For diagnostics, run:

python -m torch_rbln.diagnose

If torch or rebel fails to import first, run:

TORCH_RBLN_DIAGNOSE=1 python -m torch_rbln.diagnose

The report shows LD_LIBRARY_PATH, PYTHONPATH, rebel-compiler package locations, and whether librbln.so / librbln_runtime.so can be found in each directory on the search path.

Collect a core dump file

If you encounter a problem while running PyTorch RBLN, send the generated core dump file to client_support@rebellions.ai.

Step 1. Remove the ulimit restriction:

$ ulimit -c unlimited

Step 2. Verify that the restriction has been removed:

$ ulimit -c
unlimited

Step 3. Re-run the affected model script. When the error occurs, a core dump file will be created under /var/crash.

Example output:

1
2
3
$ ls /var/crash
-rw-r----- 1 rebel1    root   779026 Jul  2 17:50 /var/crash/_usr_bin_python3.10.2029.crash
-rw-r----- 1 rebel2    root 94849351 Jun 25 18:27 /var/crash/_usr_bin_python3.10.2035.crash

Log operators that run on CPU

When PyTorch RBLN does not yet support a PyTorch operator or a specific data type, that operation runs on the CPU so execution can continue. This improves model compatibility, but those operations do not benefit from NPU acceleration, so identifying them is useful during optimization.

By default, the PyTorch RBLN log level is set to WARNING, so CPU fallback messages are not displayed. CPU fallback operations are logged at the INFO level. To identify operators that run on the CPU, set TORCH_RBLN_LOG_LEVEL to INFO or a more verbose setting.

Level Description Notes
DEBUG Detailed internal states, function entry/exit, parameter values Debug builds only
INFO Runtime information including CPU fallback notifications
WARNING Important warnings that may affect execution Default
ERROR Errors and critical failures only
$ export TORCH_RBLN_LOG_LEVEL=INFO

To restore the default setting:

$ export TORCH_RBLN_LOG_LEVEL=WARNING

With this setting, running a model in eager mode prints a log whenever an operation runs on the CPU instead of an RBLN NPU. The log includes the operator name and, if traceable, the source code location.

1
2
3
[2026-03-27 00:00:00.000][I] `aten::pow` op ran on CPU instead of RBLN
/transformers/models/llama/modeling_llama.py:73: UserWarning: TRACE
  variance = hidden_states.pow(2).mean(-1, keepdim=True)

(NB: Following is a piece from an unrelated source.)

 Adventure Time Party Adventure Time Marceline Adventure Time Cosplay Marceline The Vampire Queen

Lower-than-expected memory statistics

You may see memory statistics APIs such as memory_allocated() or memory_stats() return lower values than expected immediately after creating tensors on the rbln device. Device memory usage can also appear to be zero or very low even after allocating large tensors.

This happens because RBLN tensors use lazy memory allocation:

  • Tensors are initially allocated in CPU memory when they are created.
  • Device memory allocation is deferred until the tensor is actually needed for device operations.
  • When a device operation is required, tensor data is transferred from CPU memory to device memory.
  • Memory-related APIs such as memory_allocated(), memory_reserved(), and memory_stats() reflect device memory only, not CPU memory.
  • Dynamo caching, used by torch.compile(), may also keep compiled graphs and associated device memory alive.

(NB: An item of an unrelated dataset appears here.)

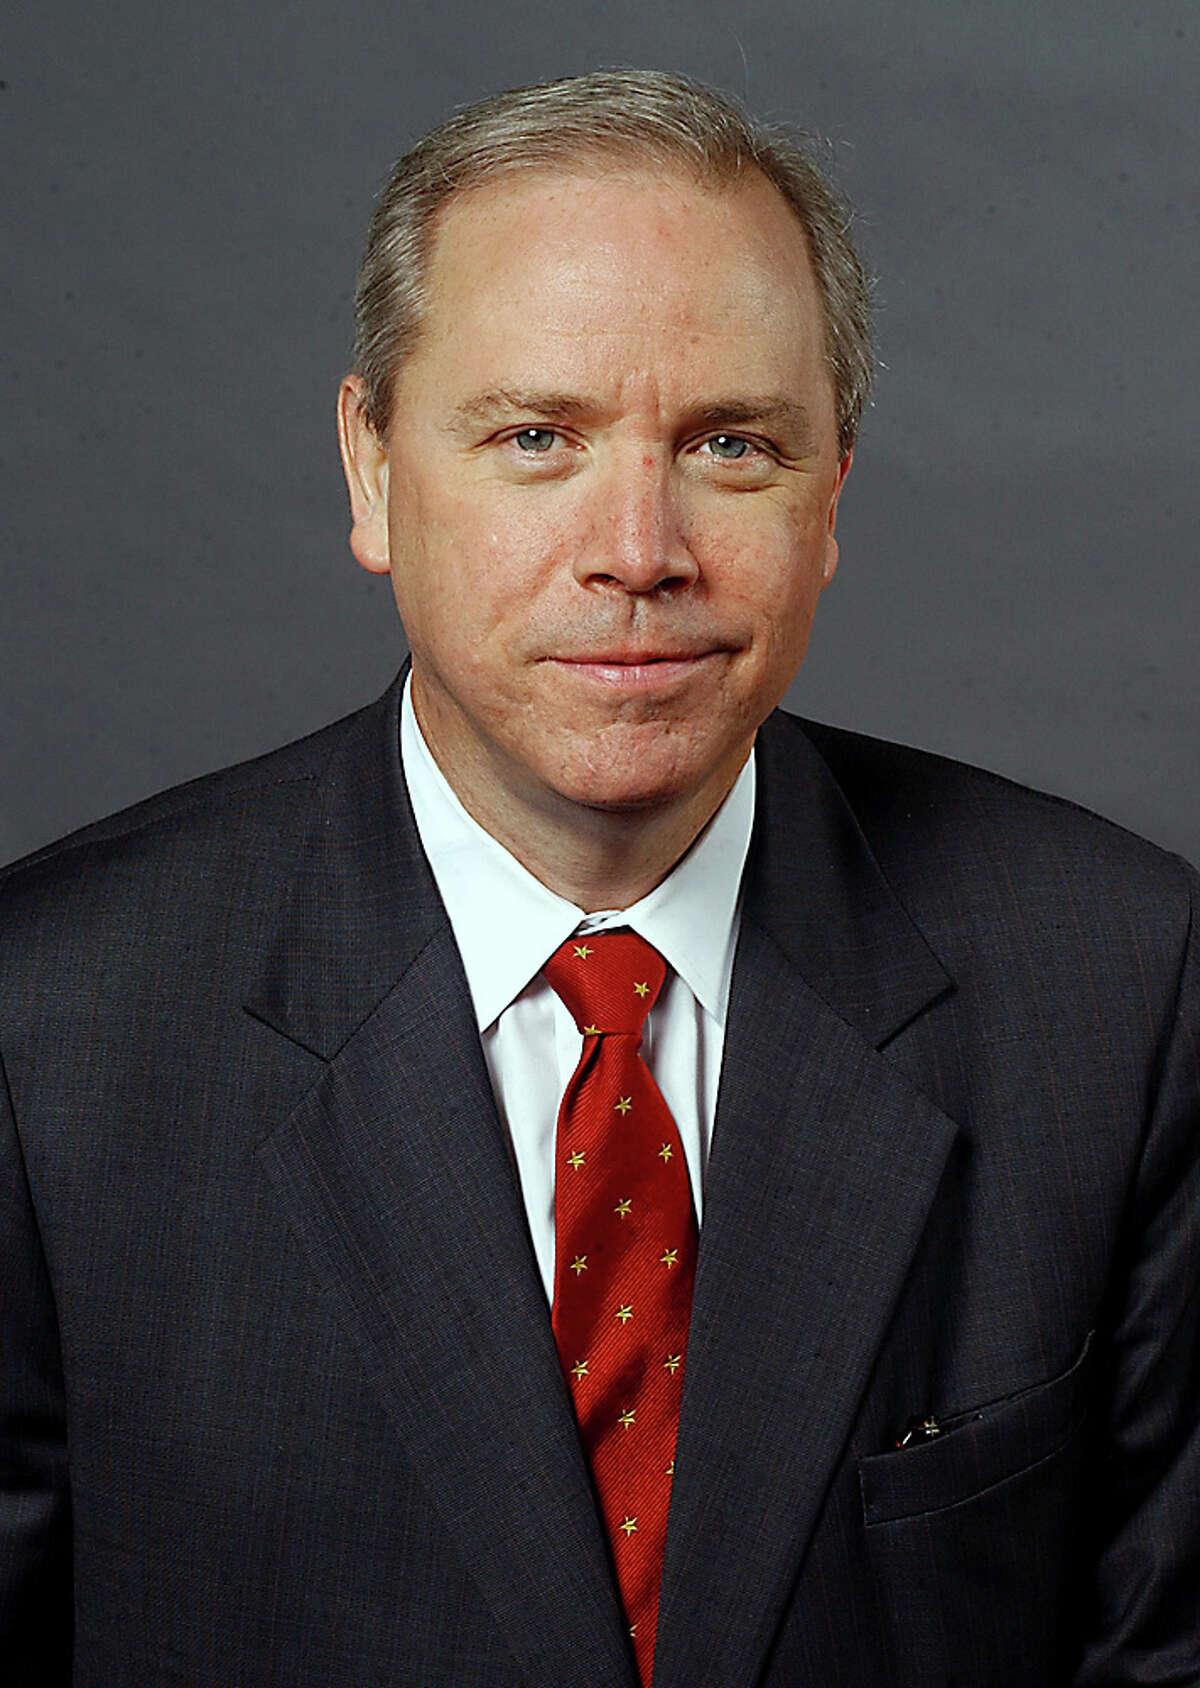 Gary Elkins, Texas House Representative, R-Houston, on Wednesday, January 29, 2003.

These low values are expected behavior rather than a bug, but they can make memory usage harder to interpret during debugging or performance analysis.

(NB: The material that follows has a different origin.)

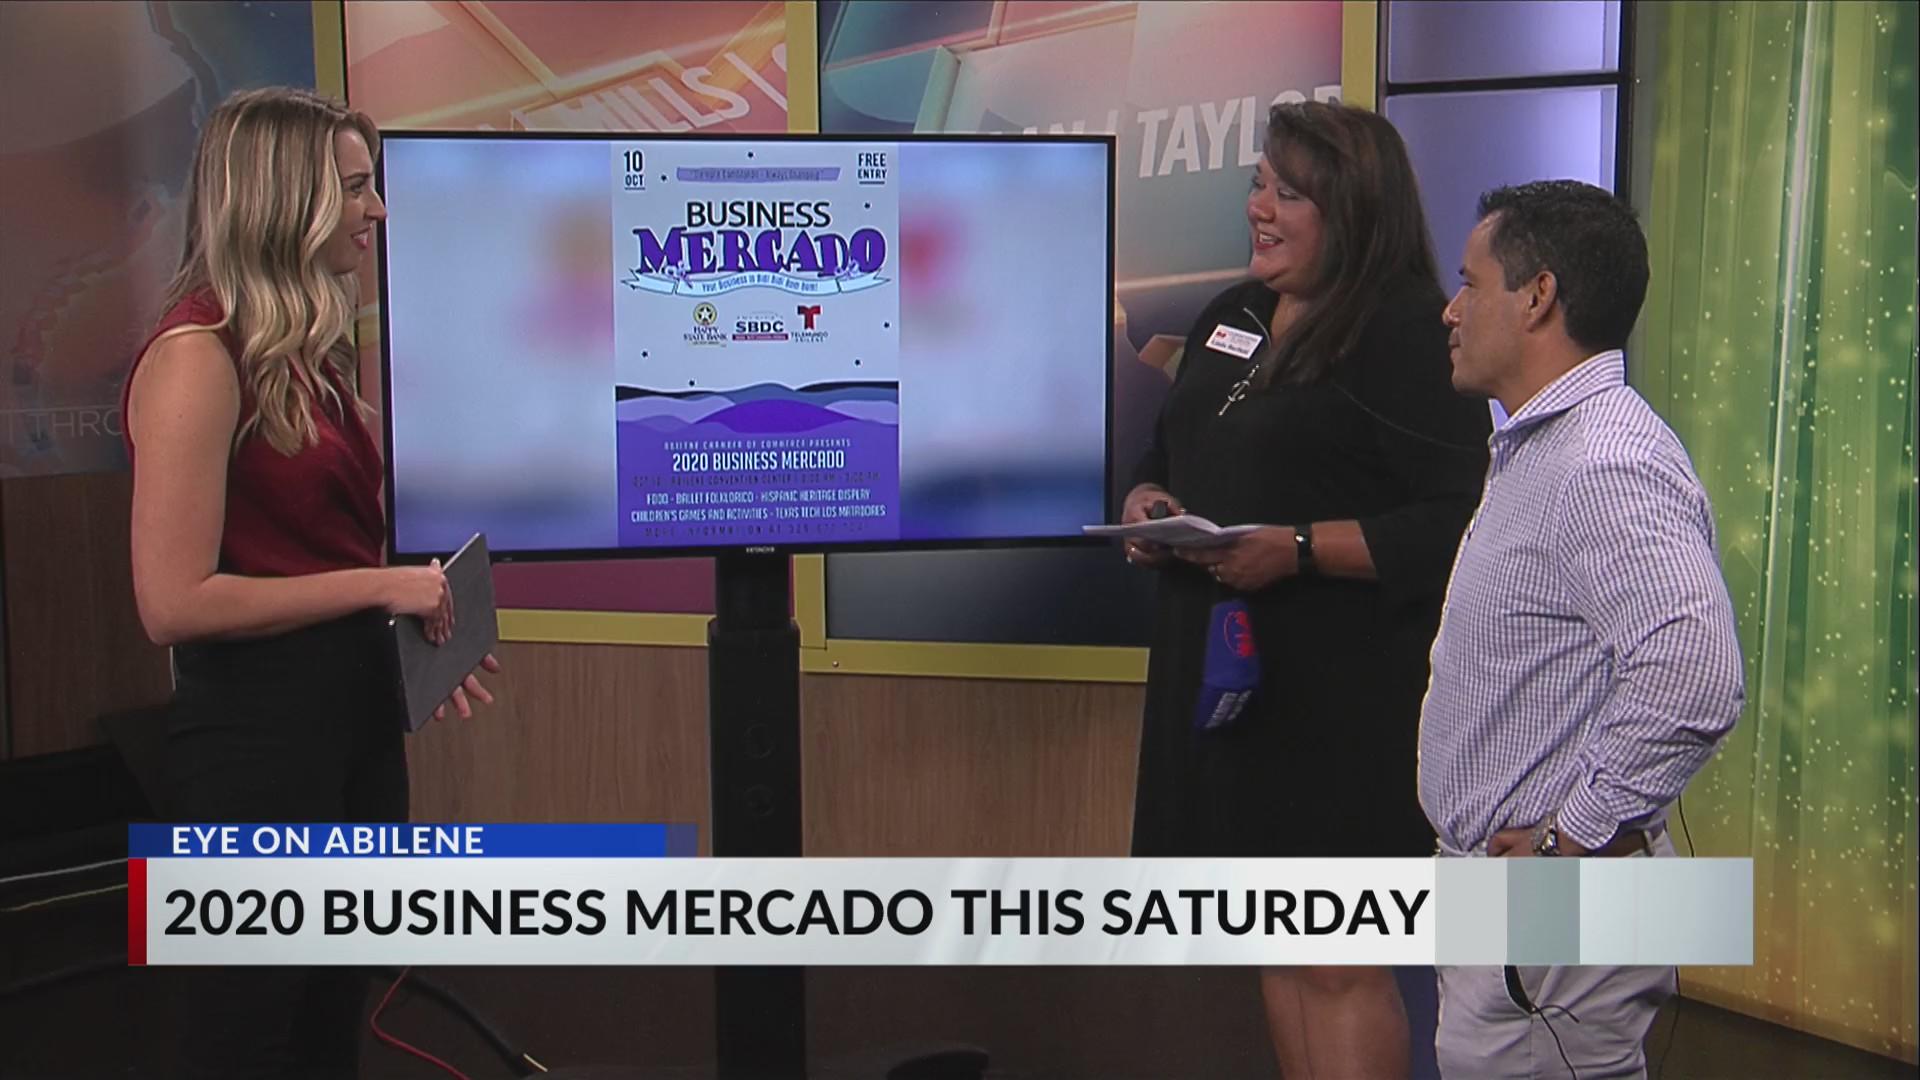 Mercado Halloween Events 2020 2020 Business Mercado coming up at The Abilene Convention Center

To check memory usage more accurately:

  • Inspect memory statistics after operations that materialize tensors on the device.
  • Reset the Dynamo cache before checking statistics if you want to exclude cached graph memory.
import torch
import torch.rbln

# Create tensors
x = torch.randn(1024, 1024, device="rbln")
y = torch.randn(1024, 1024, device="rbln")

# Memory stats immediately after creation may be low
print("After creation:", torch.rbln.memory_allocated() / 1024, "KB")

# Perform a device operation to materialize tensors
z = x + y

# Reset Dynamo cache to exclude cached graph memory from statistics
torch._dynamo.reset()

# Memory stats after materialization will reflect actual device memory usage
print("After operation:", torch.rbln.memory_allocated() / 1024, "KB")

Use torch._dynamo.reset() before checking memory statistics if you want to exclude cached graph memory and focus only on tensor memory usage.